[[ Provided material, beginning ]]

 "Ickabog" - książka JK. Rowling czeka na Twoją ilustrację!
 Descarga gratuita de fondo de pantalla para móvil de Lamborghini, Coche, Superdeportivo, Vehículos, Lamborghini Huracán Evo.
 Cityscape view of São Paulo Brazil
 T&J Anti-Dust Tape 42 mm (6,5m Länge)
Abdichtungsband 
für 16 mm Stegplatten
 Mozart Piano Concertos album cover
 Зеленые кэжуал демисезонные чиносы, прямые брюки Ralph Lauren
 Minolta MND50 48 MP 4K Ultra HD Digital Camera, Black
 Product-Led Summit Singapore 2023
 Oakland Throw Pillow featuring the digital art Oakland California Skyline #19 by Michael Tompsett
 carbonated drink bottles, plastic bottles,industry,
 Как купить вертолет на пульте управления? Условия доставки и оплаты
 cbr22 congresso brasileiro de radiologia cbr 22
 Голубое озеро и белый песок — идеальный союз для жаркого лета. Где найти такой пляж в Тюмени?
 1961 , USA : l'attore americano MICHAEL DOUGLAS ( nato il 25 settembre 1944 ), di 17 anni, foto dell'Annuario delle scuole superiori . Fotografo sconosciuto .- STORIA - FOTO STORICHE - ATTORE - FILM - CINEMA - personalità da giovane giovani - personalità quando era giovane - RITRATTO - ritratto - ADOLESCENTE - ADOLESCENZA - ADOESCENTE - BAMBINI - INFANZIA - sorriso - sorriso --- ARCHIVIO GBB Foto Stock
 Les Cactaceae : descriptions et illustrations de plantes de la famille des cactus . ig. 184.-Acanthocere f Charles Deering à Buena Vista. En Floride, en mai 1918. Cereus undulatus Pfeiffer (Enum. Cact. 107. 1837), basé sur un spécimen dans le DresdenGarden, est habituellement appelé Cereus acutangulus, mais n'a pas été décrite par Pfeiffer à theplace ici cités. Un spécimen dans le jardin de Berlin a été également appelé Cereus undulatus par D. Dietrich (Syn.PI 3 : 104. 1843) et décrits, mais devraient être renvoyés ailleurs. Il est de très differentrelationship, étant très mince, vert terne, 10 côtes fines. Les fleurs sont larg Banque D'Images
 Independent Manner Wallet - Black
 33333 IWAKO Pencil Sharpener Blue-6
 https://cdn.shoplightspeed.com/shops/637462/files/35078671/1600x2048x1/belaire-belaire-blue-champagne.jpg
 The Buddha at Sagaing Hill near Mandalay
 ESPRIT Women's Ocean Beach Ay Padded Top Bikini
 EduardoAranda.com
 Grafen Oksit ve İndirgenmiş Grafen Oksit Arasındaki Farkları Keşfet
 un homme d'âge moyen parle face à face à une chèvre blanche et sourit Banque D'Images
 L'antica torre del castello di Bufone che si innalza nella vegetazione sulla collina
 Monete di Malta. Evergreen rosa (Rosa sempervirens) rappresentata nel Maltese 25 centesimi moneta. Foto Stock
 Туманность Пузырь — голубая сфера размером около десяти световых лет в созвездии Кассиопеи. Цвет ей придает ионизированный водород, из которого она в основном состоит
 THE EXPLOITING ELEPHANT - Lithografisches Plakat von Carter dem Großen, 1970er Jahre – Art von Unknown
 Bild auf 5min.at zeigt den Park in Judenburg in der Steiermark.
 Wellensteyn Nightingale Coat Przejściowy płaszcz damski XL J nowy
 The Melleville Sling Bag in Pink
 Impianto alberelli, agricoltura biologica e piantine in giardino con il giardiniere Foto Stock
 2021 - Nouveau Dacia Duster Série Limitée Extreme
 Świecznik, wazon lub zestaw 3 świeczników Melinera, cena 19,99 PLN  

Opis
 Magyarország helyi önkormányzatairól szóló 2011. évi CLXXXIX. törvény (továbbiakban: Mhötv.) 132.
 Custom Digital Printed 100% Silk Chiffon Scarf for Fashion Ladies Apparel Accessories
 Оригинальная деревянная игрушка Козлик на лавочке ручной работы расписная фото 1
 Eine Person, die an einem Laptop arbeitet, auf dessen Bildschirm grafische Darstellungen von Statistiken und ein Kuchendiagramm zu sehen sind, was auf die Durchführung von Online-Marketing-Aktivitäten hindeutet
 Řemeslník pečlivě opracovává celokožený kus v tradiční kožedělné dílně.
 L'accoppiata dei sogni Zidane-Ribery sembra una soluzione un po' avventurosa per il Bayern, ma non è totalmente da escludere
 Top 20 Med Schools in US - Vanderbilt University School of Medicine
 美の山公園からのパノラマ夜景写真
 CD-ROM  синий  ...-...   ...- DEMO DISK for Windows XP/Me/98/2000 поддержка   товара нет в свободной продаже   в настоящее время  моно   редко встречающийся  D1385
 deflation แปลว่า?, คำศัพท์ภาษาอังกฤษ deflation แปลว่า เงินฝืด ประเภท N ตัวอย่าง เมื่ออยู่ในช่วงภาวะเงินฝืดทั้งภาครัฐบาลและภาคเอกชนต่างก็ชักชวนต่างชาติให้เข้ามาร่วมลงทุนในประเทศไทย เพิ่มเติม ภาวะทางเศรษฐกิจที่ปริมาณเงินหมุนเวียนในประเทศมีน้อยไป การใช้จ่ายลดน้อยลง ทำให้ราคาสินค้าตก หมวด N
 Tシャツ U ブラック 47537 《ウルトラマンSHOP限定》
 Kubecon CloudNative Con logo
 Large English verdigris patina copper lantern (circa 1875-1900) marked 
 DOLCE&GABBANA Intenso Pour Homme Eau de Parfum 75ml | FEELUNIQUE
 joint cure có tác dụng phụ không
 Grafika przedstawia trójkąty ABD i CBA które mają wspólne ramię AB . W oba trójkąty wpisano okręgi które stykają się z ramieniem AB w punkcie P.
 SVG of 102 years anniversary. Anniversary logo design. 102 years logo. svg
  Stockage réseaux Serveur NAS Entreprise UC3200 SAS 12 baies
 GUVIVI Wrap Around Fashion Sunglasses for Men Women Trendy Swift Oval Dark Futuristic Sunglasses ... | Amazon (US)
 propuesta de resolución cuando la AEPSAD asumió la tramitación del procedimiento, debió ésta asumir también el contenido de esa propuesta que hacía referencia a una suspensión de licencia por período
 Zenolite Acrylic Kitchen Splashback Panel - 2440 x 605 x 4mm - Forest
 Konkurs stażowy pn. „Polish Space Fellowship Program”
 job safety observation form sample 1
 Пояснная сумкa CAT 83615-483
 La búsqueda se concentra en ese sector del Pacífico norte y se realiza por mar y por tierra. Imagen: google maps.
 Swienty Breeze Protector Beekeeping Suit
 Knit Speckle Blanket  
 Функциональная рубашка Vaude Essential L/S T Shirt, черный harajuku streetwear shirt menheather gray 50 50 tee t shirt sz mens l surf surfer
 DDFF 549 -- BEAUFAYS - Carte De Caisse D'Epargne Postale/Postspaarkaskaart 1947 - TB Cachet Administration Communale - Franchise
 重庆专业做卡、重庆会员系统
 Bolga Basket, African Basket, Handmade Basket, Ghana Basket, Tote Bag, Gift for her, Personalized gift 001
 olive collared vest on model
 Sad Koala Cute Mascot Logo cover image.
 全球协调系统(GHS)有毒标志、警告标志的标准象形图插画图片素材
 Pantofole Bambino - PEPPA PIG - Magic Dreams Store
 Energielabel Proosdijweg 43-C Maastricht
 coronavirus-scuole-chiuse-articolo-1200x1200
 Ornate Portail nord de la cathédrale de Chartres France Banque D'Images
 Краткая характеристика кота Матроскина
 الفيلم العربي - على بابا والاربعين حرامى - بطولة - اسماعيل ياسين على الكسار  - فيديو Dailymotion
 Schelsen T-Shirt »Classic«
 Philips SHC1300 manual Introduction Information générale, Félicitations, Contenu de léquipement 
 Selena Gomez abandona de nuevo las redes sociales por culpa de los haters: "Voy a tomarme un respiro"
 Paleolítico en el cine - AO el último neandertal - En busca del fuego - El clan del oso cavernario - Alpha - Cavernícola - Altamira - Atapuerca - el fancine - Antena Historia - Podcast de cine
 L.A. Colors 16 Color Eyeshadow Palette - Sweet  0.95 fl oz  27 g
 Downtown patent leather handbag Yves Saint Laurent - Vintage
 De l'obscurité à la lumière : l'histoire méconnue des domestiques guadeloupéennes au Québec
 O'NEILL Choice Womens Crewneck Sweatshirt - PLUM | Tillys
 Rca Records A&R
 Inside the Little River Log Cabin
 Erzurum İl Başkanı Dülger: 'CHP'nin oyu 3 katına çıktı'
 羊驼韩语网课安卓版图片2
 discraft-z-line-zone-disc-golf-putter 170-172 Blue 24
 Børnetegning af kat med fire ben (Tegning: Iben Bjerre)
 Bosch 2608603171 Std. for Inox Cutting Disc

[[ Provided material, end ]]

§ **Task**
The lines from the one holding "coronavirus-scuole-chiuse-articolo-1200x1200" to the last line of the entries, both included: retype them exactly and give nothing else.

§ **Response**
 coronavirus-scuole-chiuse-articolo-1200x1200
 Ornate Portail nord de la cathédrale de Chartres France Banque D'Images
 Краткая характеристика кота Матроскина
 الفيلم العربي - على بابا والاربعين حرامى - بطولة - اسماعيل ياسين على الكسار  - فيديو Dailymotion
 Schelsen T-Shirt »Classic«
 Philips SHC1300 manual Introduction Information générale, Félicitations, Contenu de léquipement 
 Selena Gomez abandona de nuevo las redes sociales por culpa de los haters: "Voy a tomarme un respiro"
 Paleolítico en el cine - AO el último neandertal - En busca del fuego - El clan del oso cavernario - Alpha - Cavernícola - Altamira - Atapuerca - el fancine - Antena Historia - Podcast de cine
 L.A. Colors 16 Color Eyeshadow Palette - Sweet  0.95 fl oz  27 g
 Downtown patent leather handbag Yves Saint Laurent - Vintage
 De l'obscurité à la lumière : l'histoire méconnue des domestiques guadeloupéennes au Québec
 O'NEILL Choice Womens Crewneck Sweatshirt - PLUM | Tillys
 Rca Records A&R
 Inside the Little River Log Cabin
 Erzurum İl Başkanı Dülger: 'CHP'nin oyu 3 katına çıktı'
 羊驼韩语网课安卓版图片2
 discraft-z-line-zone-disc-golf-putter 170-172 Blue 24
 Børnetegning af kat med fire ben (Tegning: Iben Bjerre)
 Bosch 2608603171 Std. for Inox Cutting Disc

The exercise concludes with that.